I'm after getting ios 6 on my iPad one. To hopefully fix it running slow & occasionally crashing. I have just jailbroken it as I heard if jailbroken I could install ios6. I'm struggling to find this however!!

So, can any of you guys help me find a way to do this, or is it impossible on my Ipad1?!

Thanks in advance


----------



## Willows-dad (Jul 12, 2012)

iOS 6 isn't possible on The iPad 1. You can get a jailbroken theme on cydia called iOS 6 sd, but it's just a theme to make it look more up to date. A quick google pulls up the how to YouTube video.


----------



## davies20 (Feb 22, 2009)

Willows-dad said:


> iOS 6 isn't possible on The iPad 1. You can get a jailbroken theme on cydia called iOS 6 sd, but it's just a theme to make it look more up to date. A quick google pulls up the how to YouTube video.


I thought so. buggers!

How the hell can i stop my ipad running pants then!


----------



## Willows-dad (Jul 12, 2012)

Delete all the old stuff you don't need anymore might help. Or back everything up and restore it to factory settings, then just re-add everything you use. I could imagine that'd take a while though.


----------



## davies20 (Feb 22, 2009)

Willows-dad said:


> Delete all the old stuff you don't need anymore might help. Or back everything up and restore it to factory settings, then just re-add everything you use. I could imagine that'd take a while though.


Its running on bare bones as is it tbh. I dont have apps etc on there that i dont use, only what i need.

Just backed-up > Jailbroke > restored & it does seem to be running better


----------



## MA3RC (Jun 19, 2012)

Use Google Chrome instead of Safari, it works so much quicker


----------



## davies20 (Feb 22, 2009)

S1600Marc said:


> Use Google Chrome instead of Safari, it works so much quicker


funnily enough i did this on my 4s the other day. Much, much better!

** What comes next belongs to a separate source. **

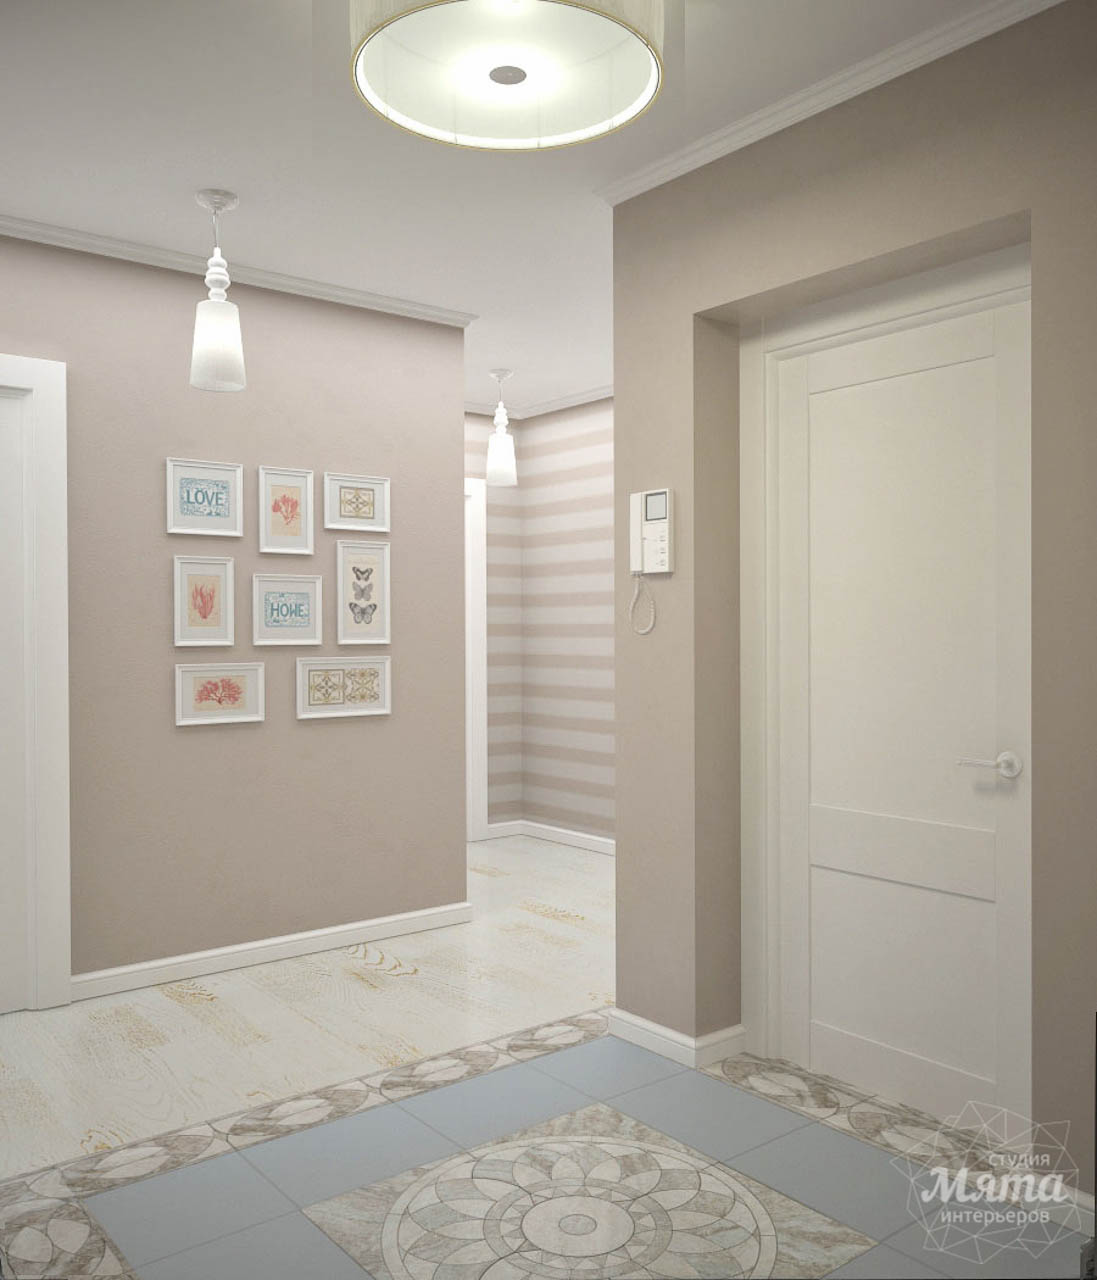 Дизайн интерьера и ремонт трехкомнатной квартиры по ул. Фучика 9 img468232860

Ive also just accidentally updated my jailbroke 4s to ios6 - big mistake, now my phone is jailbroke


----------



## MA3RC (Jun 19, 2012)

Cool! I did it for my mums the other day and she said it was a lot better. Ahh bad times, it's a bummer when that happens


----------



## Beancounter (Aug 31, 2006)

S1600Marc said:


> Use Google Chrome instead of Safari, it works so much quicker


Thanks, just put this on my iPad 1. 
So much better :thumb:


----------



## Derekh929 (Aug 28, 2011)

Google Chrome is it good on new ipads as well as i hate safaria


----------



## Derekh929 (Aug 28, 2011)

Converted chrome far better got it on my iPhone 5 and ipad 4 thanks


----------